● GIVEN INFORMATION:
■ ■ ■ ■ ■ ■ ■

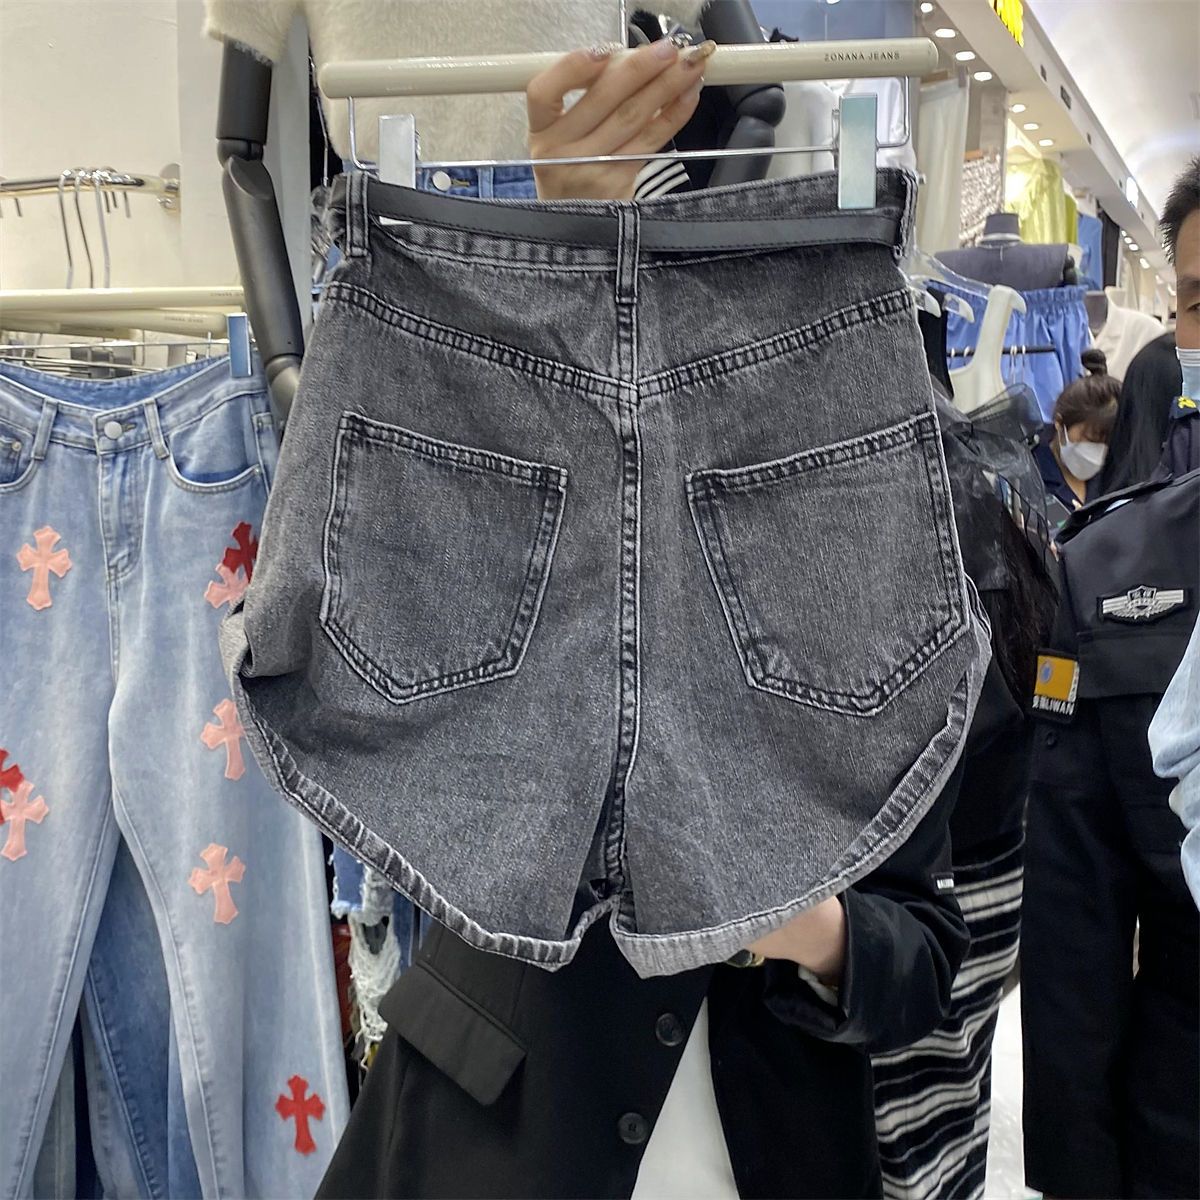 Large size fat mm denim shorts women's summer design sense high waist thin temperament wide leg pants straight a word hot pants
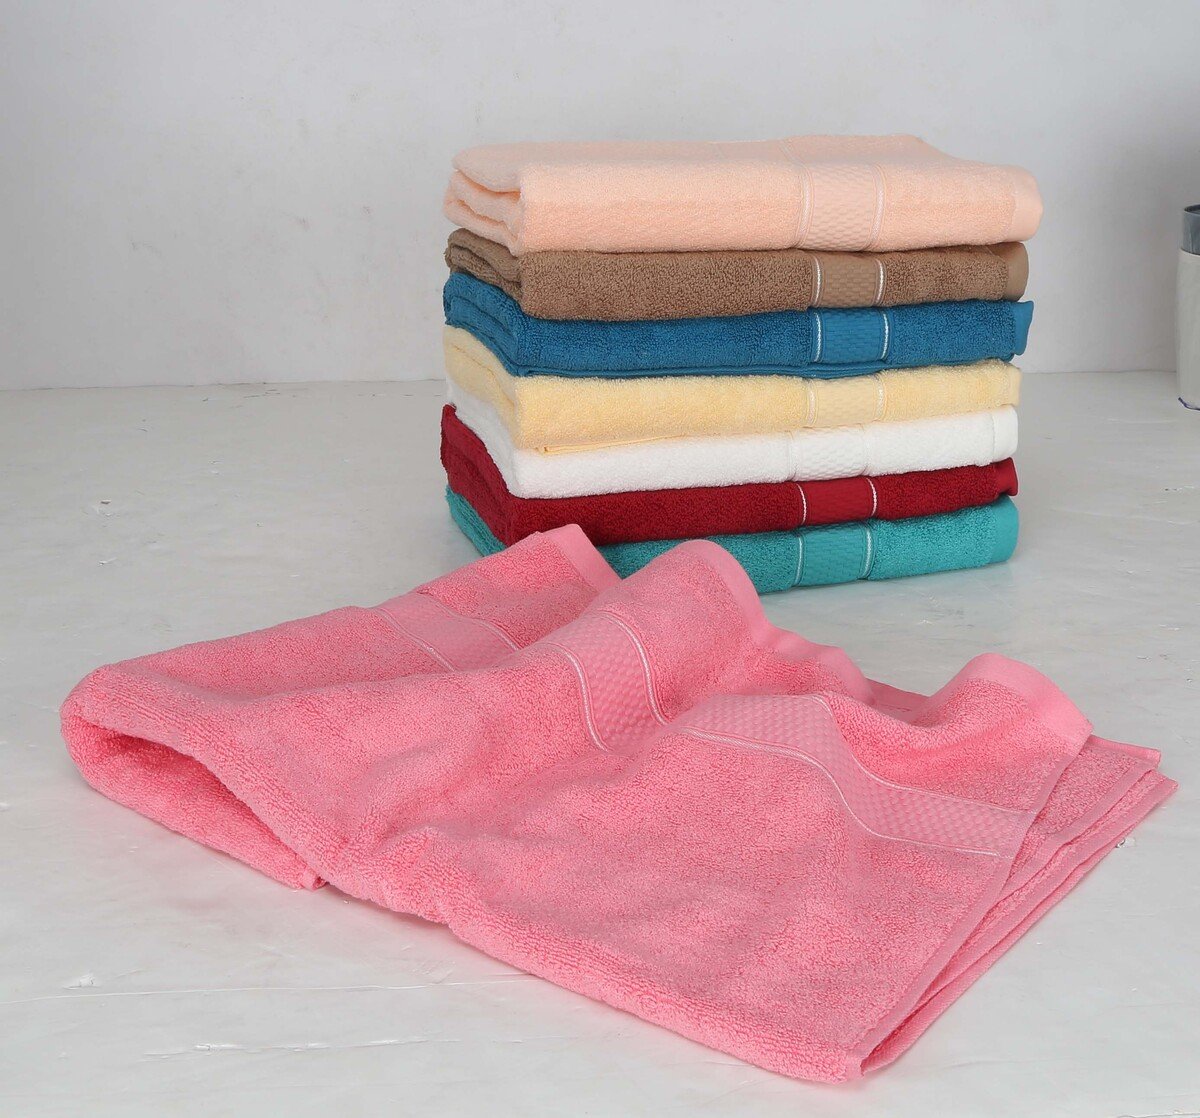 Maple Leaf Home Bath Towel Cotton 1pc Assorted Colors Size: W70 x L140cm
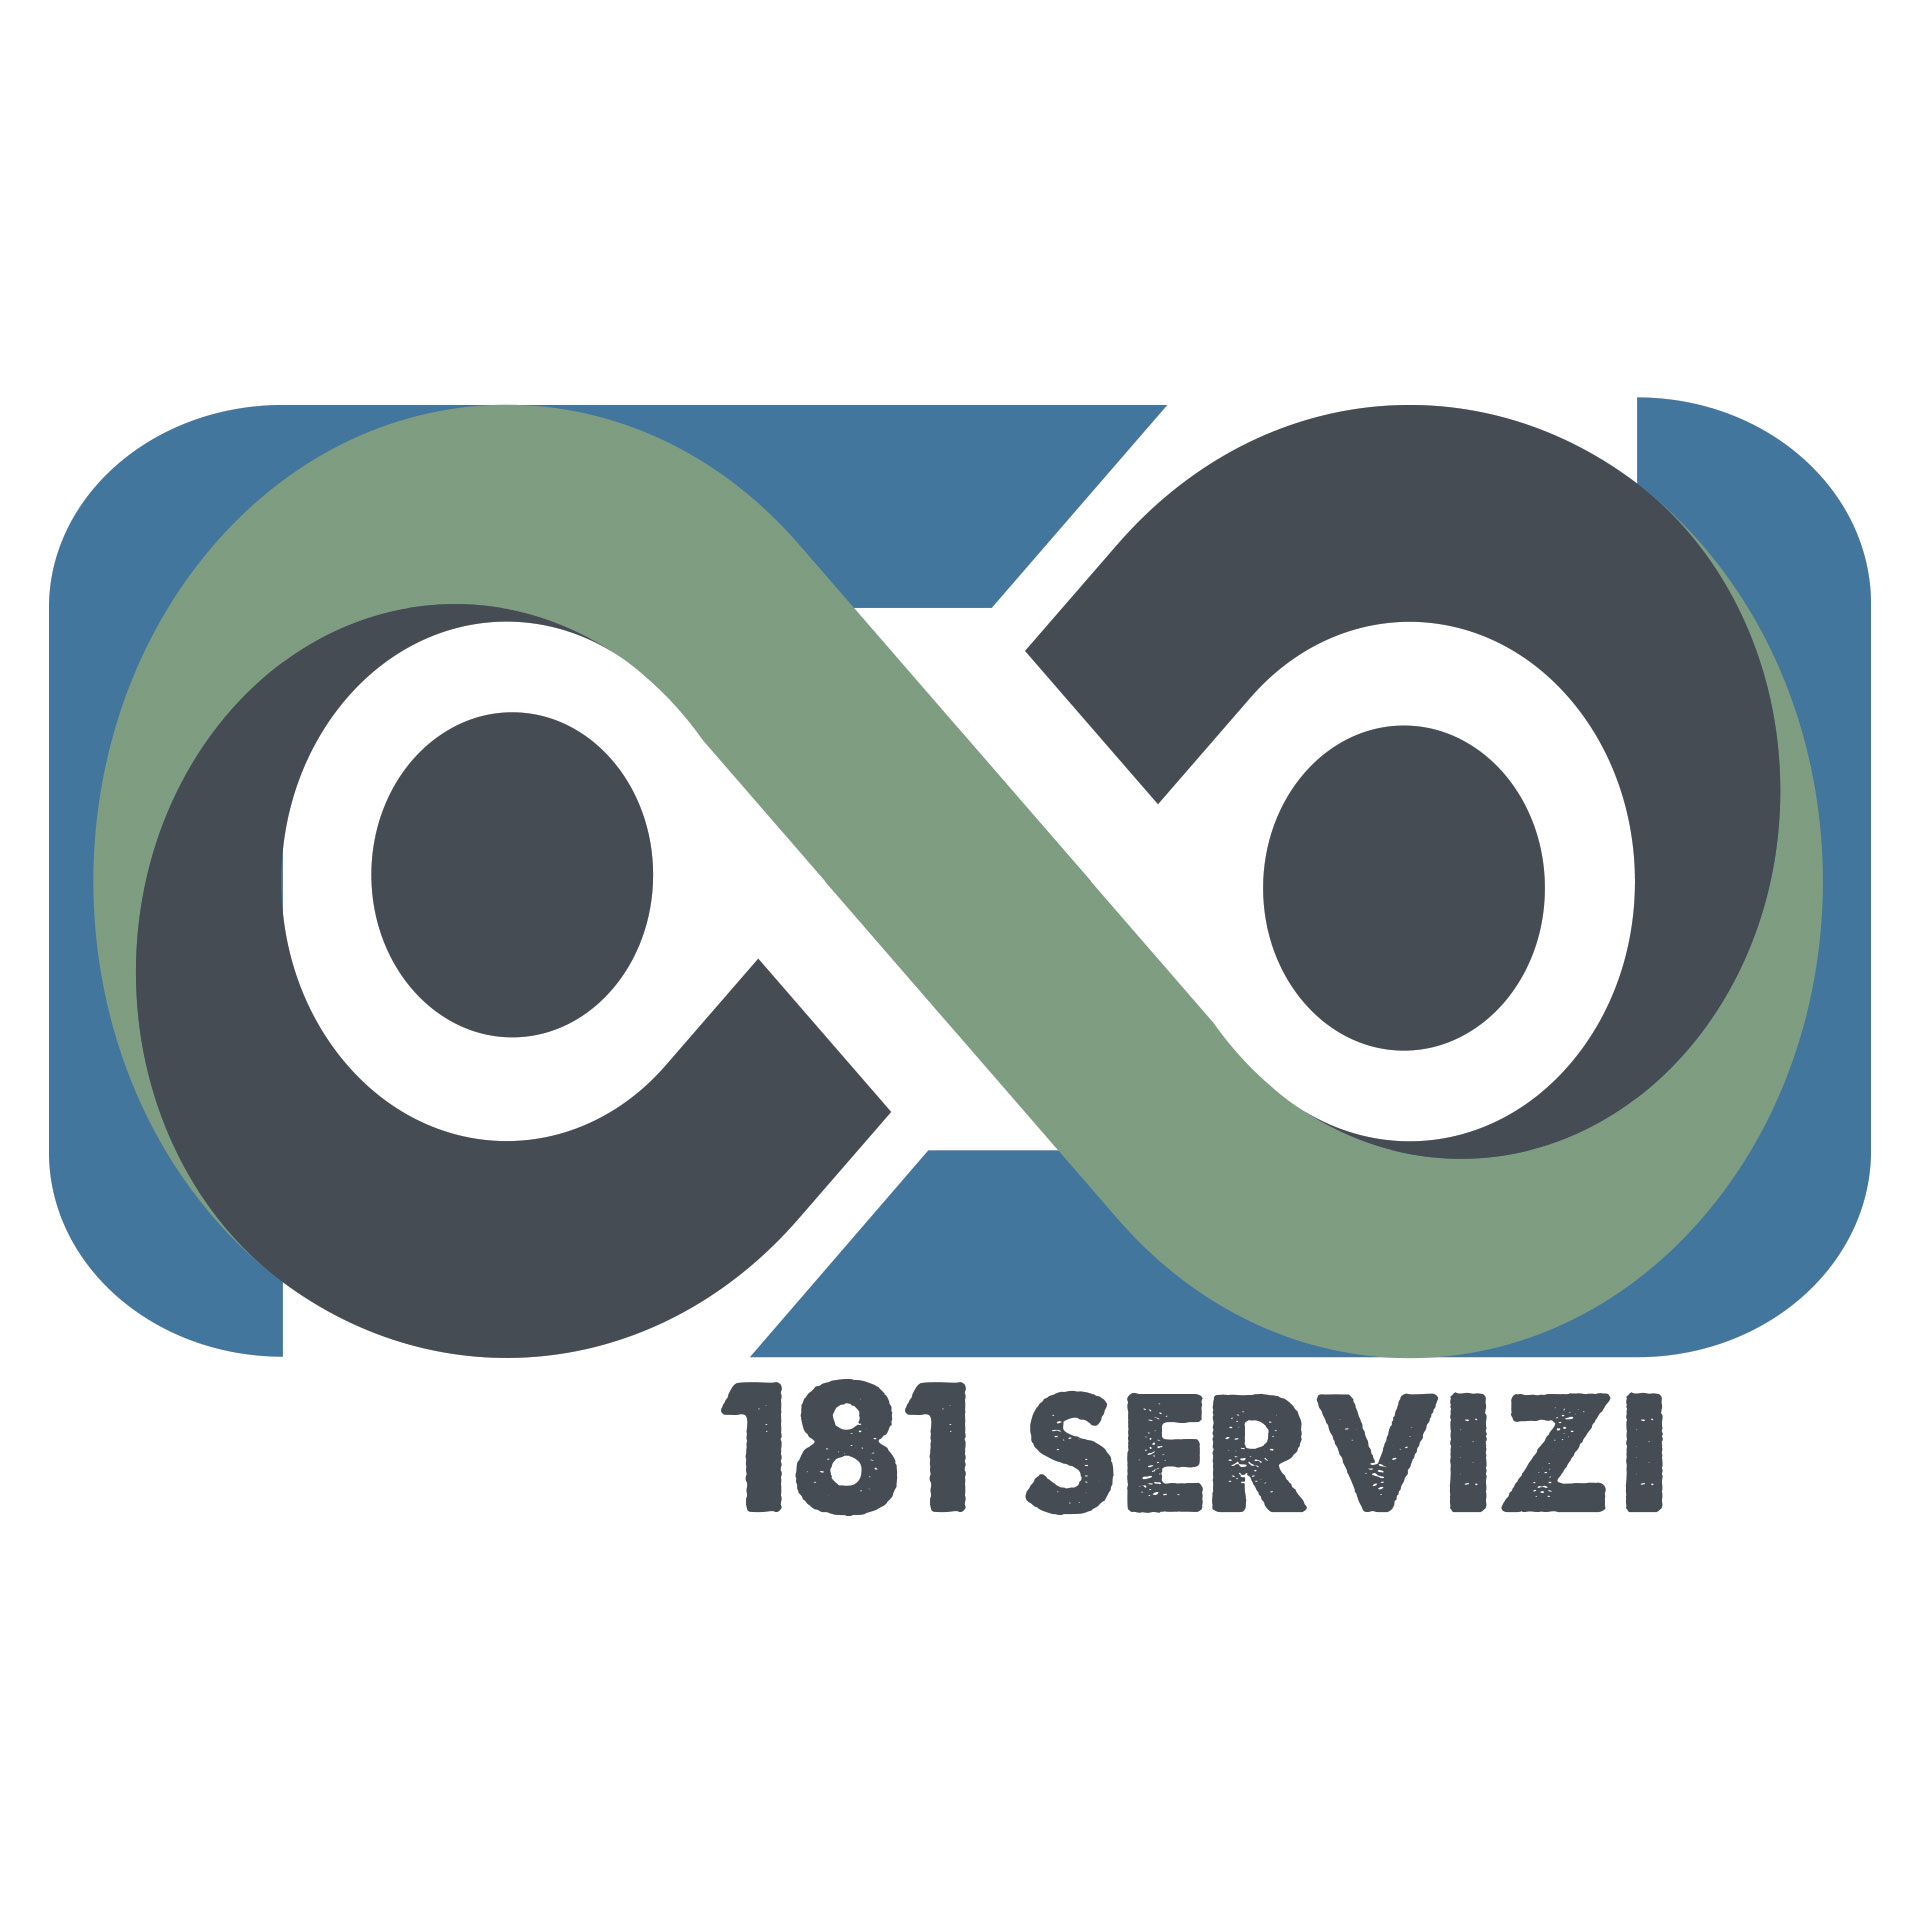 Logo: Cooperativa 181 - sfondo bianco | Linee che formano i numeri "181" e scritta "181 SERVIZI"

■ ■ ■ ■ ■ ■ ■

Your task is to retype the listing exactly, without its pictures.

 Large size fat mm denim shorts women's summer design sense high waist thin temperament wide leg pants straight a word hot pants
 Maple Leaf Home Bath Towel Cotton 1pc Assorted Colors Size: W70 x L140cm
 Logo: Cooperativa 181 - sfondo bianco | Linee che formano i numeri "181" e scritta "181 SERVIZI"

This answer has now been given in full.